I say “meant” because, at the end of the (festival) day, the Future Music Festival was not the most welcoming place for what it attests to have accommodated for through its lineup. This has nothing to do with organisation or the bands, yet the atmosphere itself. If this festival is indeed indicative of the future of humanity, I do not want to be a part of it.
Any festival where a guy simply trying to leave the heaving throng of the main stage crowd is greeted with “Wat du fuk R u doin u fagget! Git ‘way frum me U Gaylord!!!” (pronounced as written) will not be seen in a positive light. Especially when the person making this call is only wearing a pair of G-Star underwear and watching David Guetta.
That’s not to say it was all bad. For every failed-attempt-at-avoiding-an-overhyped-superstar-DJ, there were quaint moments of brilliance. And by quaint moments of brilliance, I mean The Prodigy headlined. Everyone else phoned it in.
Or at least everyone that I saw. Operator Please were the first interesting act in a clash-heavy timetable (apologies, I did indeed miss Does It Offend You, Yeah? Booka Shade and Sven Vath). They’ve always been good with simple, twee pop, today giving a set of rehashed debut tracks that slight rave feel (read: they added synthesisers to most of songs).
The song that was once in everyone’s head, Just A Song About Ping Pong, hardly causes a ripple today but at least they’re playing well and enjoying themselves amongst paper flowers and streamers. They leave and the Aston Shuffle arrives on stage. Someone screams “Yes! Real dance music!” I leave.
I contemplated many a scenario behind Franz Ferdinand being booked for this festival, of all festivals to be booked for. Money? Stupidity? Intense risk taking? All of the above? Probably just the money, actually. And, well, they didn’t even try. They felt uncomfortable on stage in front of ravers and the ravers felt uncomfortable with a guitar pop band pulling out a greatest hits set in front of them. Sure, everyone sang along to the songs they knew, but otherwise it was a strange setting for them.
The worst facet, removing their peculiar performing environment, was that they were just plain.

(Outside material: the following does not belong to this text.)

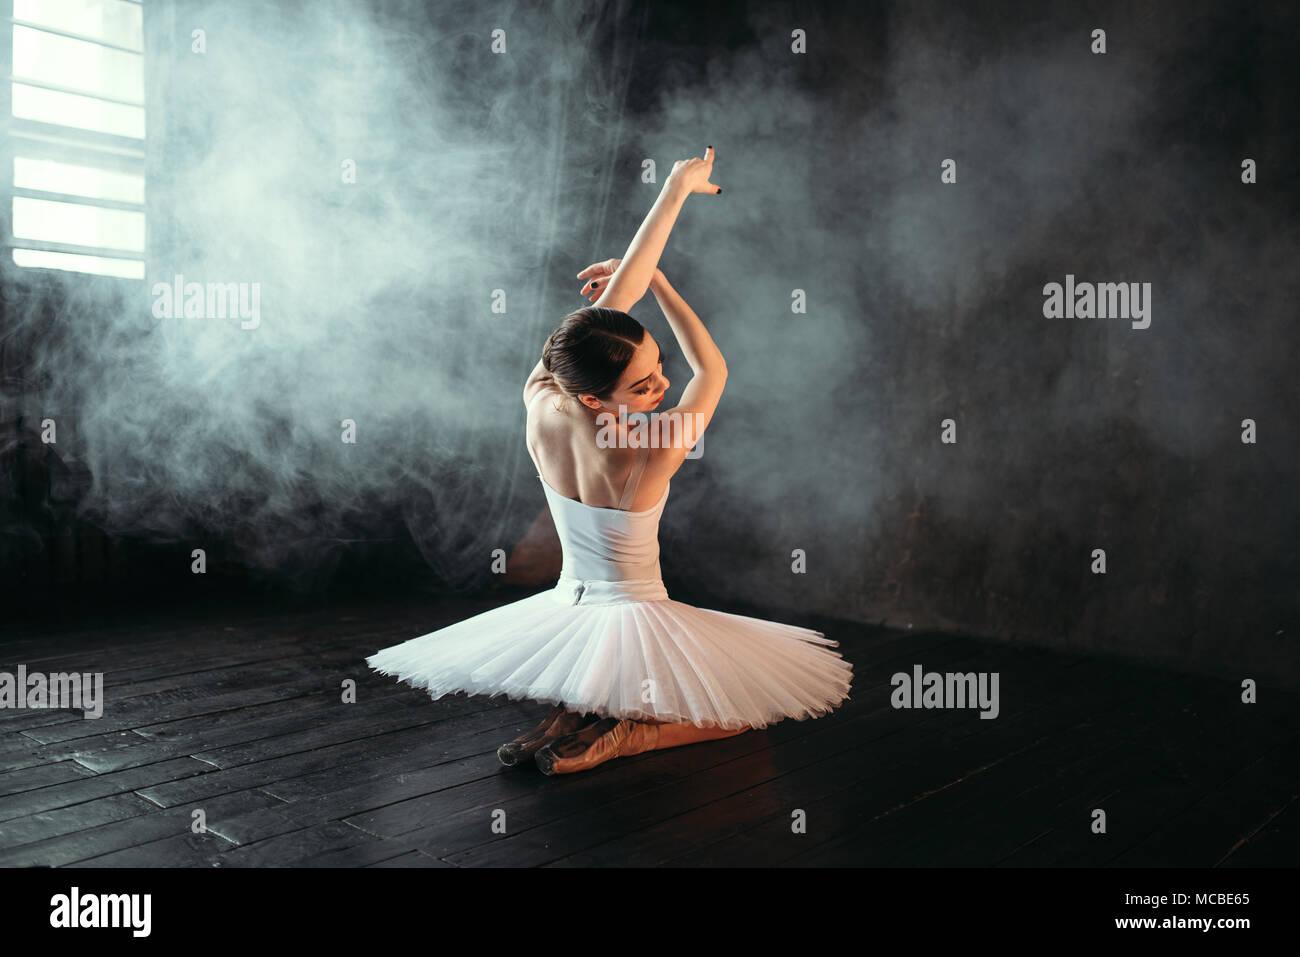 Weibliche klassisches Ballett performer sitzen auf dem Boden Stockbild

When Metric was faced with the same problem at last year’s Parklife, they pulled out all guns and eventually had the crowd in their hands. Alex Kapranos and company seemed content to just poke them every now and again.As so far I’ve had mediocre bands, bad sound, poor timetabling and crowd members from the seventh layer of hell. Aside from a brief run at “roller disco” and Bowie-themed face painting this festival has become akin to stress incurred when post-festival season credit card bills arrive. Then, in an act signalling a truthful plea for forgiveness, Liam Howlett, Keith Flint and Maxim Reality take the stage screaming World’s on Fire. A sea of bodies became a leaping, hypnotized chorus and the stage becomes a crucible, leaving behind the passion, testosterone and ferocity that the entire festival till this moment lacked.
Suddenly my worries were alleviated; the grandstand I am on feels like it may collapse and I may soon die amongst the same ilk that I’ve spent the past six hours detesting. But does that matter when you’re witnessing over twenty thousand punters being controlled by legends of the rave genre as they slap out Firestarter? Of fucking course not.
In what I had pictured as an escape to beat the crowds became simply a necessary departure, albeit without any sense of loss. Would I return next year to face another day of horrid conditions just for (presumably) one of the greatest live bands alive again? Knowing my spur-of-the-moment attitude, probably. Will I like it? Ask me in a year’s time, u fagget.